**TASK REQUIREMENTS:** Output the entries word for word. Omit images.

=== Begin Enclosure ===

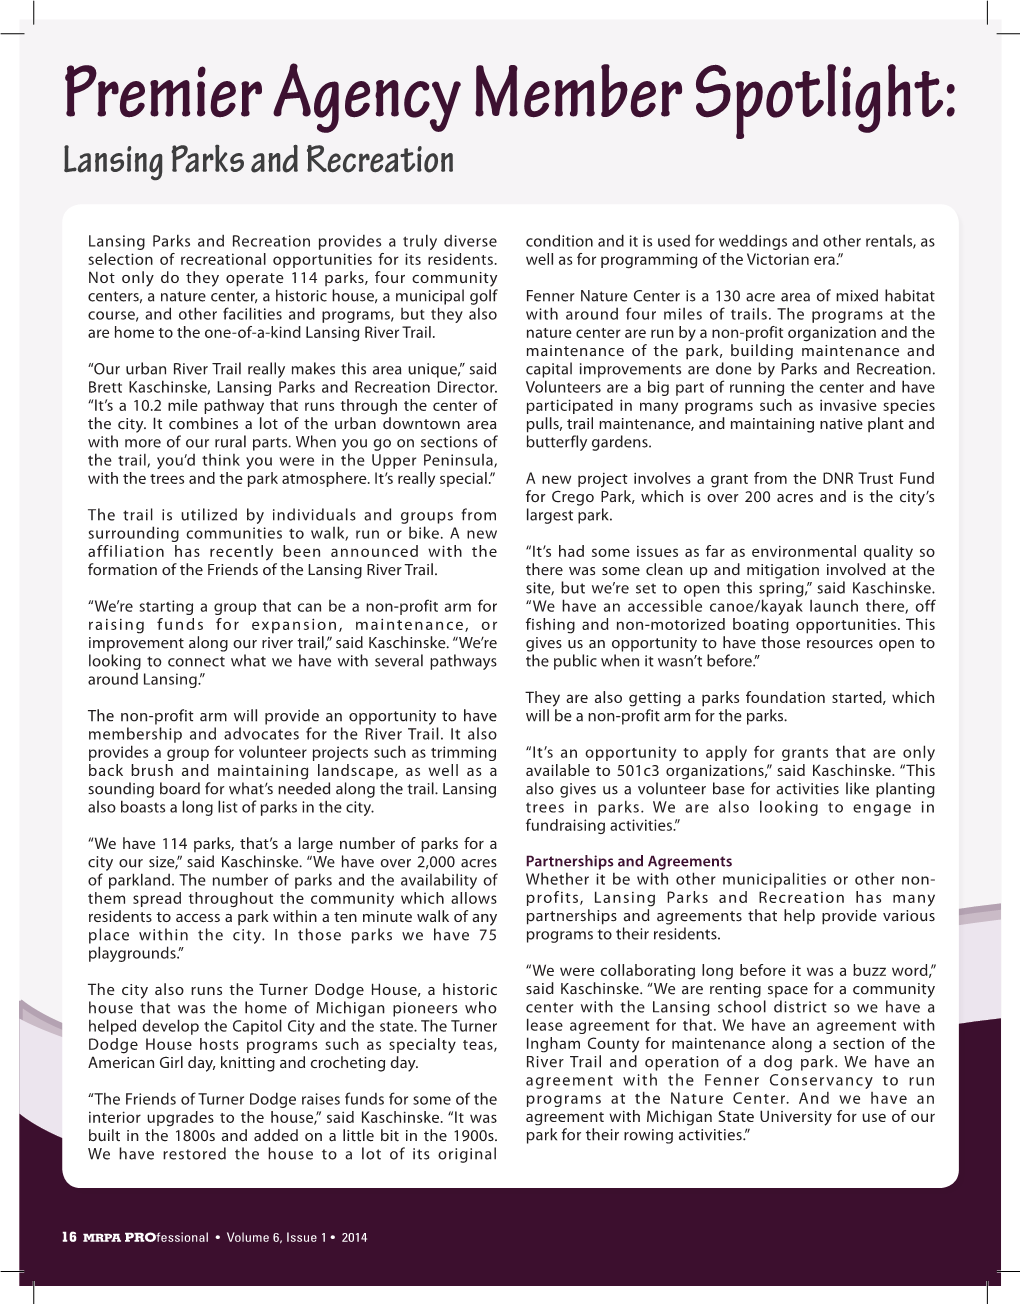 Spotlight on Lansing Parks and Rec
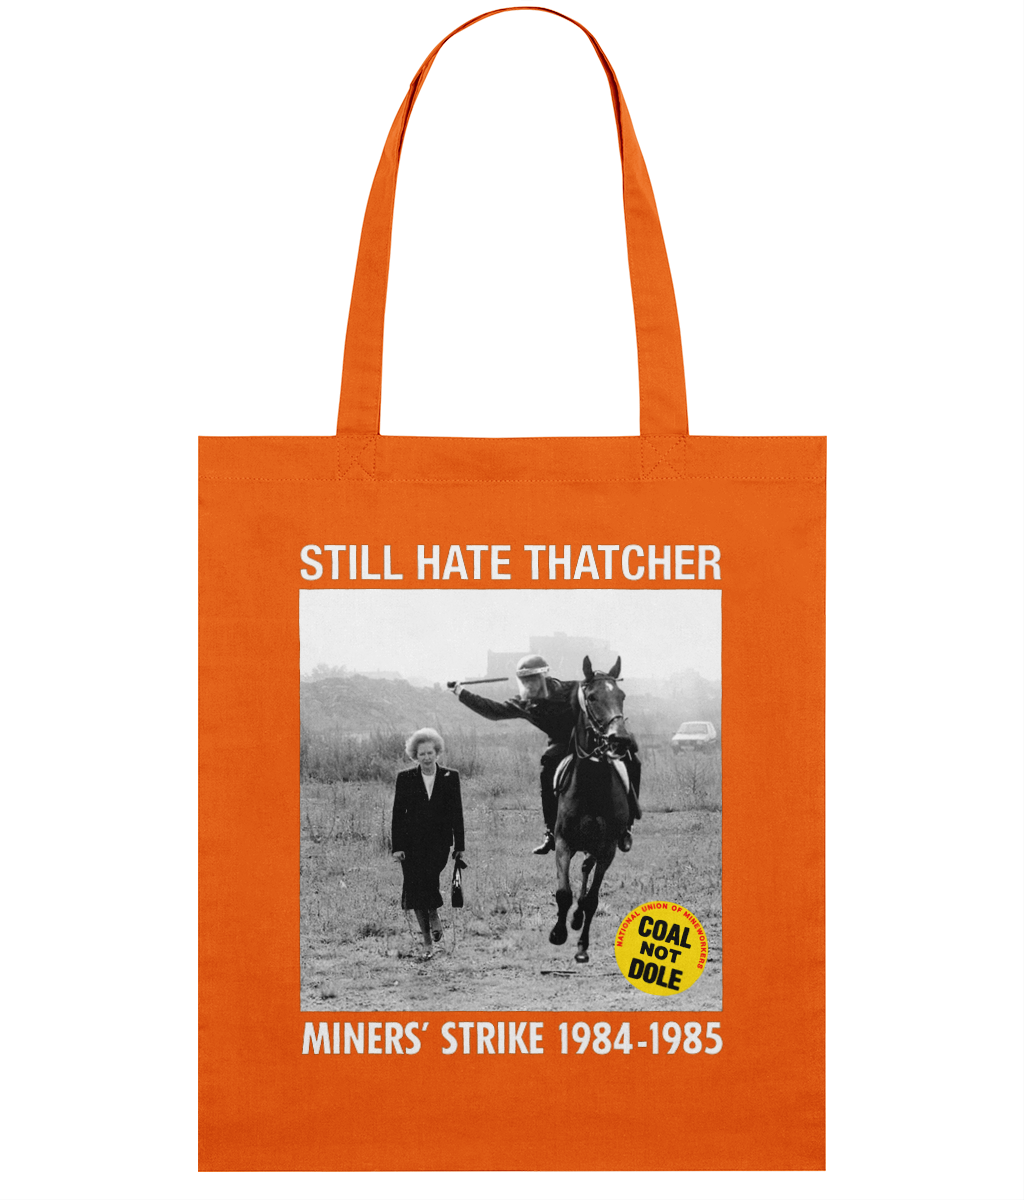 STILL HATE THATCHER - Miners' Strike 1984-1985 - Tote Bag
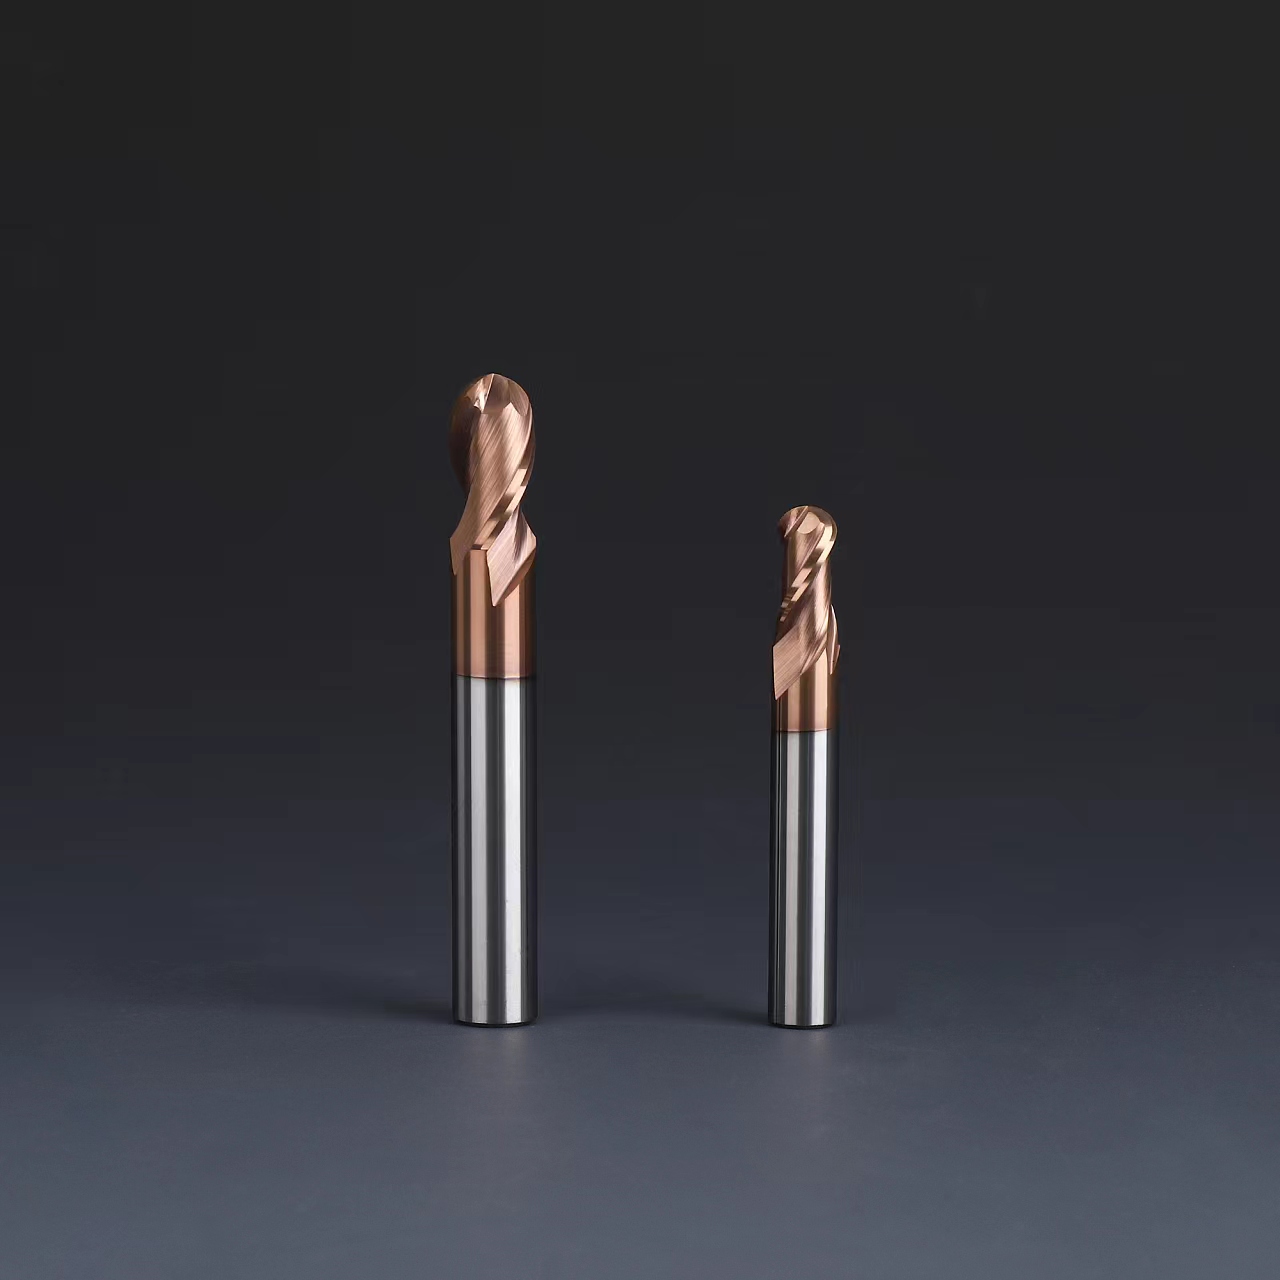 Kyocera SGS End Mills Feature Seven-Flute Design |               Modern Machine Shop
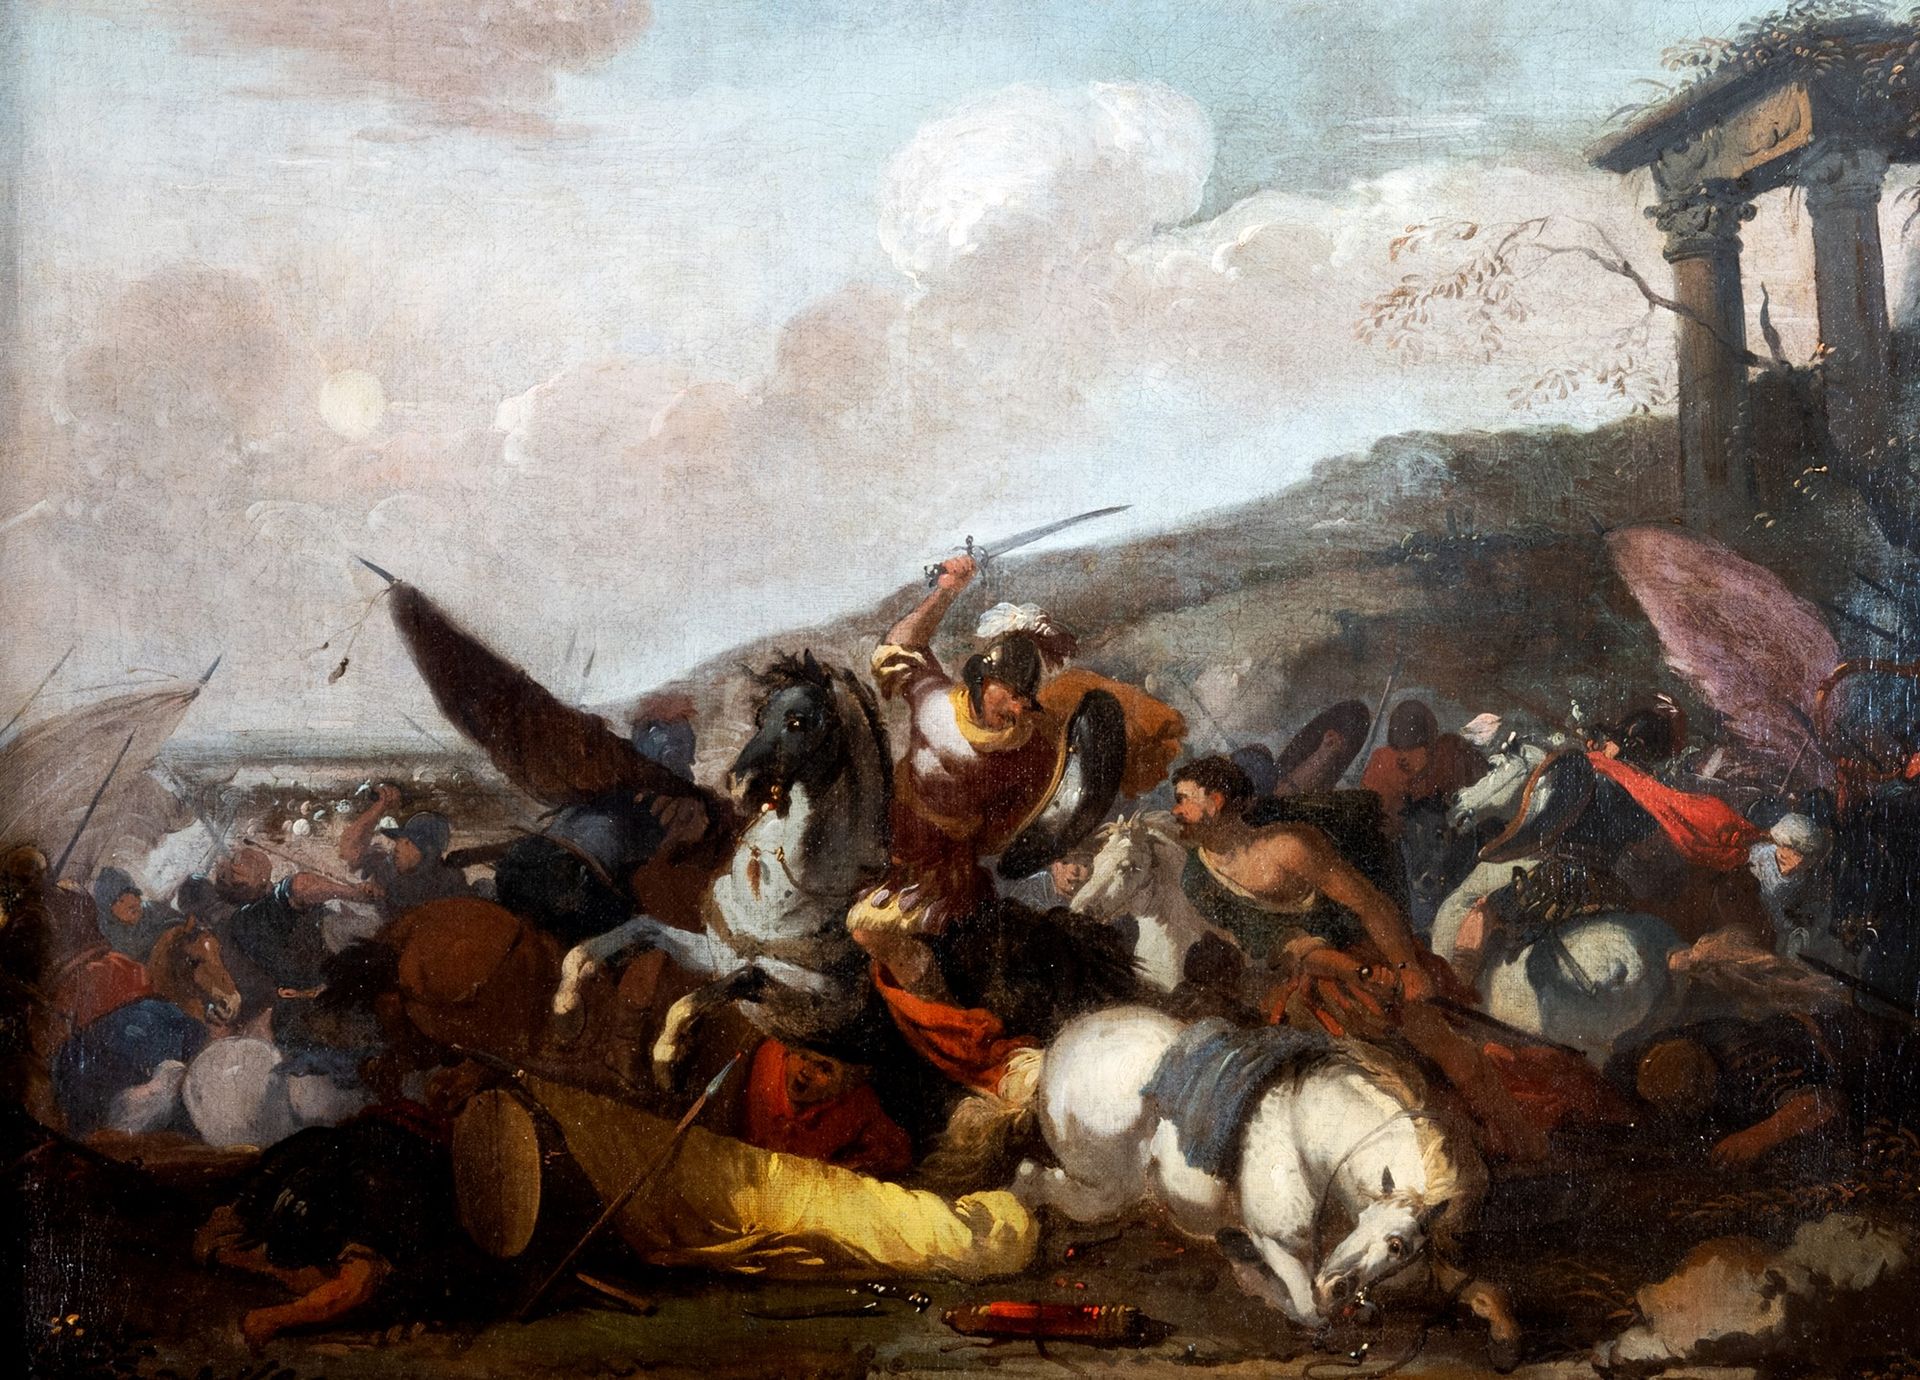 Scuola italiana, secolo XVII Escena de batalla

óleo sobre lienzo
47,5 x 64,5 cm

=== End Enclosure ===

**RESPONSE FOR THIS EXERCISE:**
 Spotlight on Lansing Parks and Rec
 STILL HATE THATCHER - Miners' Strike 1984-1985 - Tote Bag
 Kyocera SGS End Mills Feature Seven-Flute Design |               Modern Machine Shop
 Scuola italiana, secolo XVII Escena de batalla

óleo sobre lienzo
47,5 x 64,5 cm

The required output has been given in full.